• SOURCE DATA:
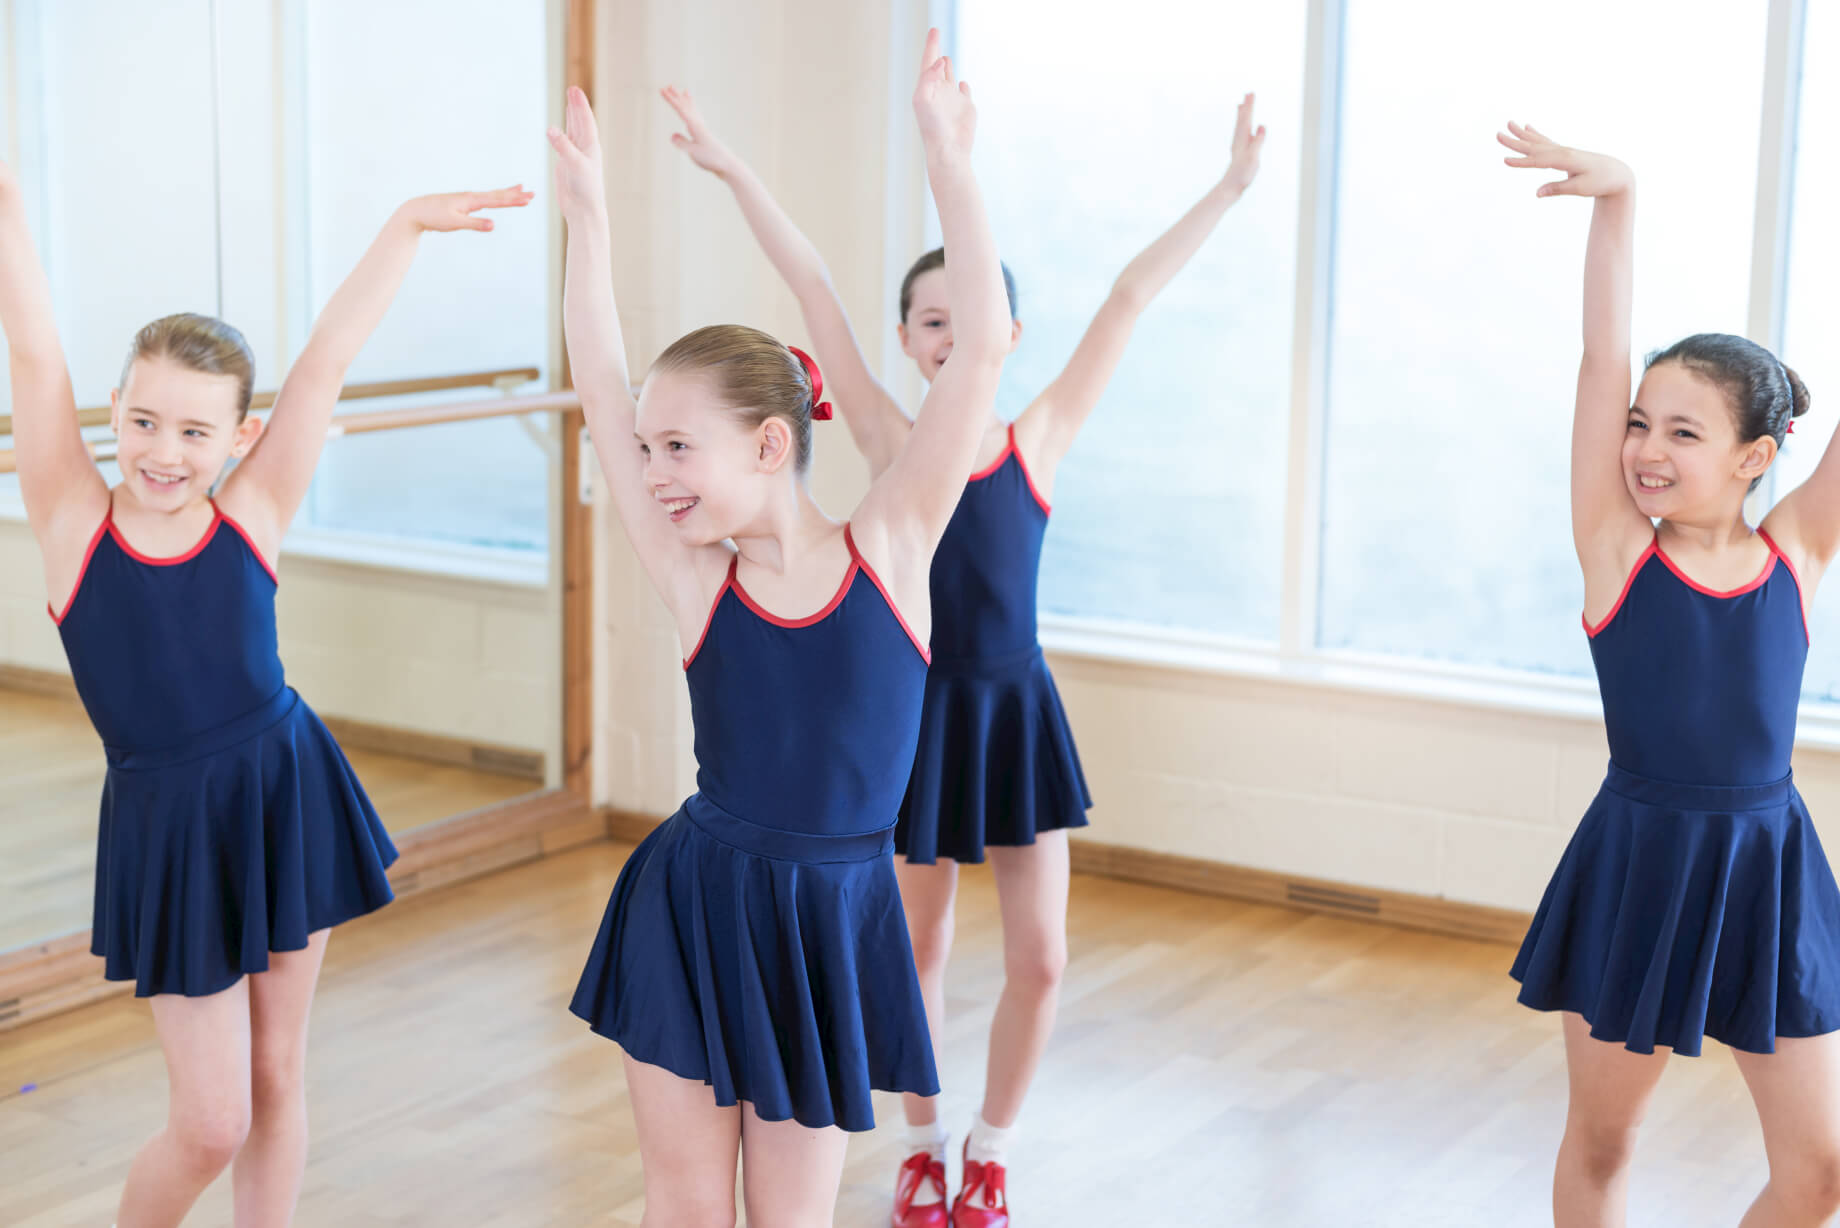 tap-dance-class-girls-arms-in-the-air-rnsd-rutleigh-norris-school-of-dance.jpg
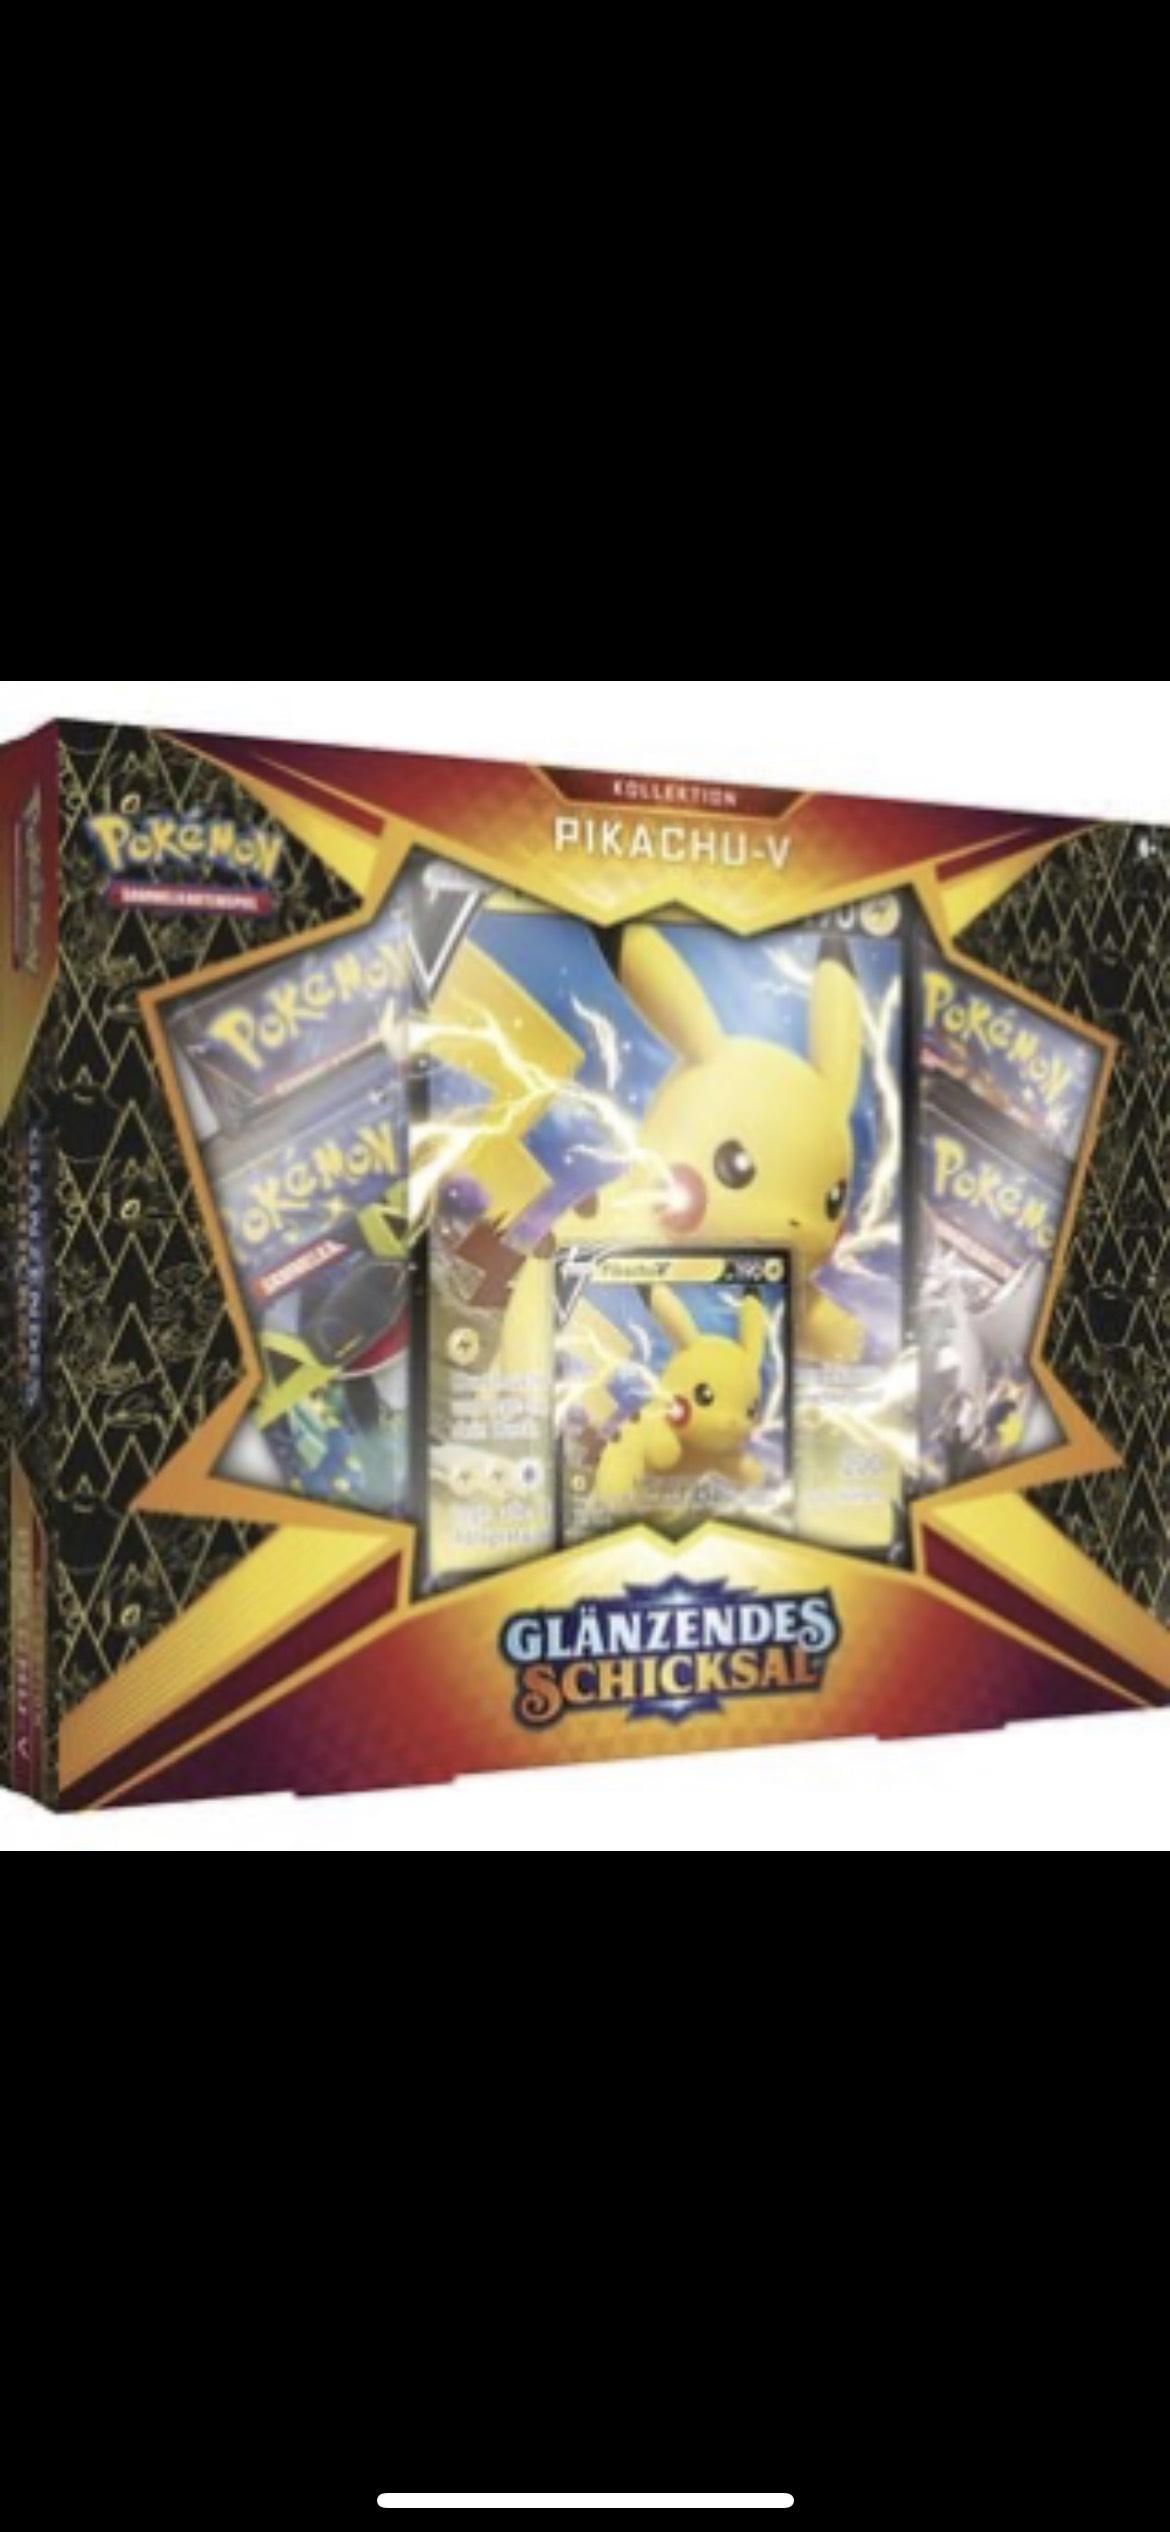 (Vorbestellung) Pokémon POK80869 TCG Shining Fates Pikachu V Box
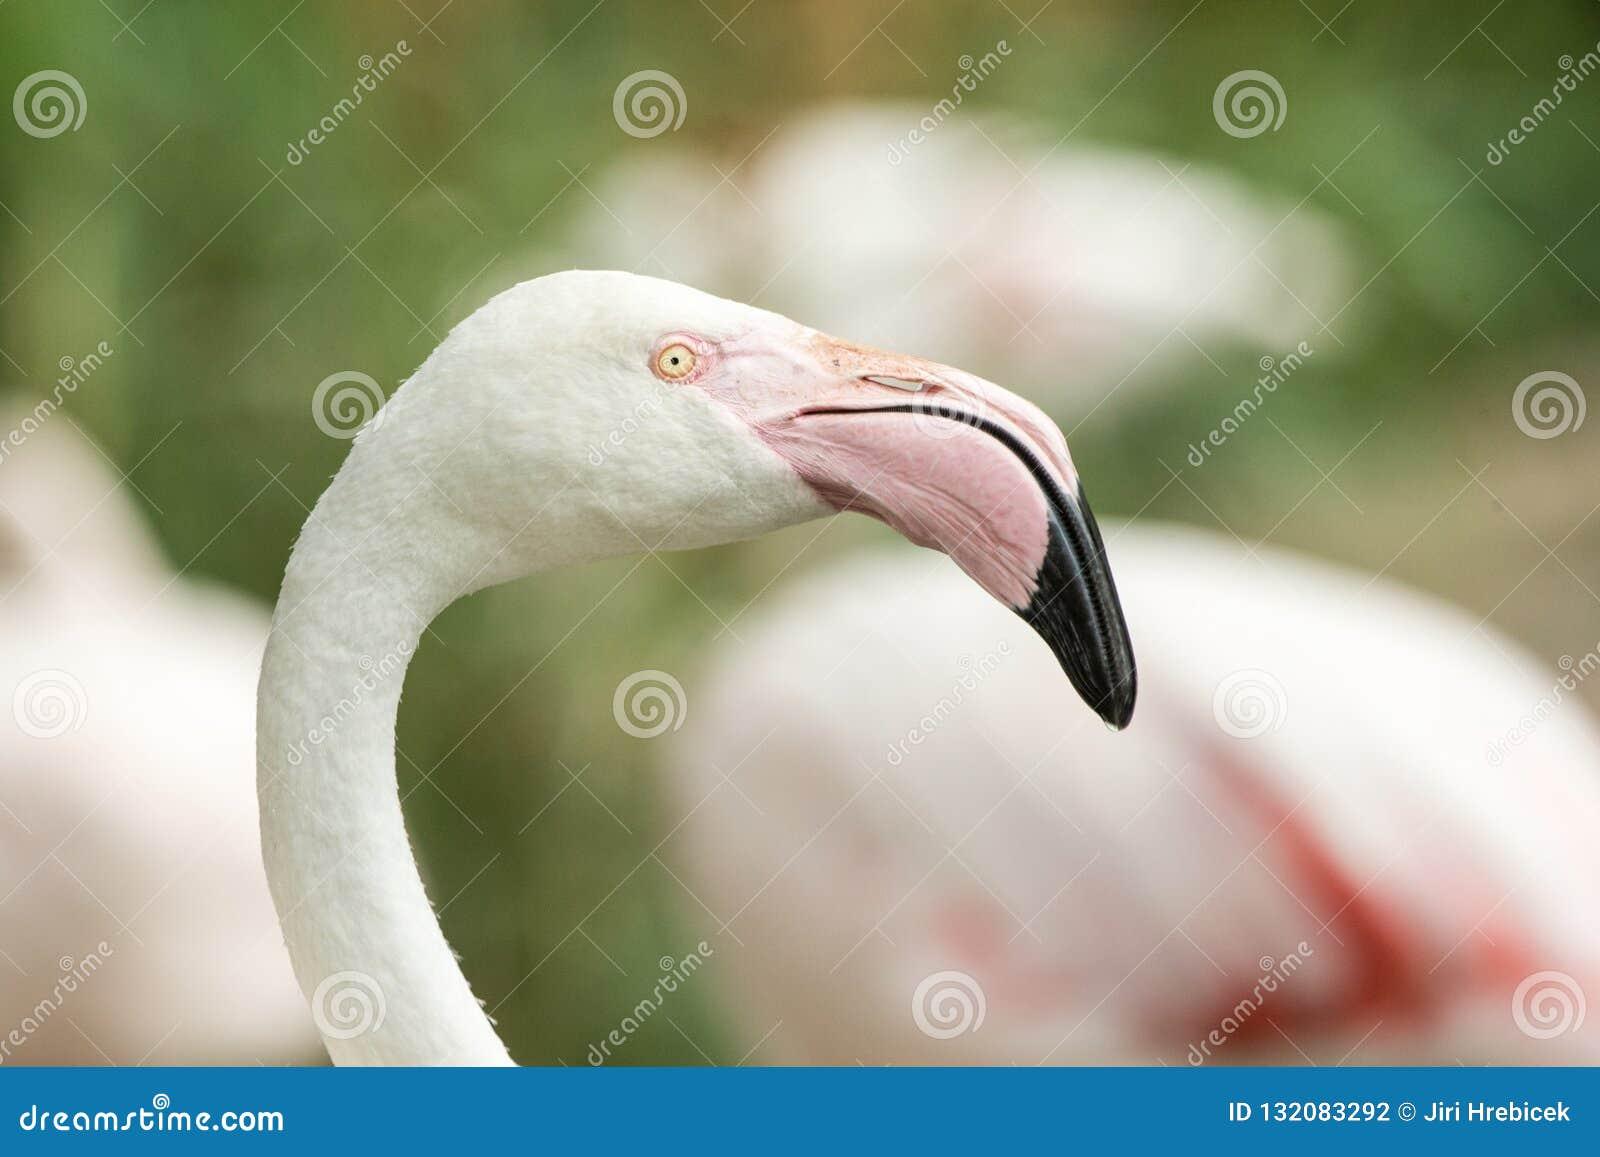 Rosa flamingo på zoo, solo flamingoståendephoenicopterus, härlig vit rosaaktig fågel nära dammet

• WHAT THIS TASK INVOLVES: All that's required is the material above repeated exactly, minus any picture.

• PROBLEM SOLUTION:
 tap-dance-class-girls-arms-in-the-air-rnsd-rutleigh-norris-school-of-dance.jpg
 (Vorbestellung) Pokémon POK80869 TCG Shining Fates Pikachu V Box
 Rosa flamingo på zoo, solo flamingoståendephoenicopterus, härlig vit rosaaktig fågel nära dammet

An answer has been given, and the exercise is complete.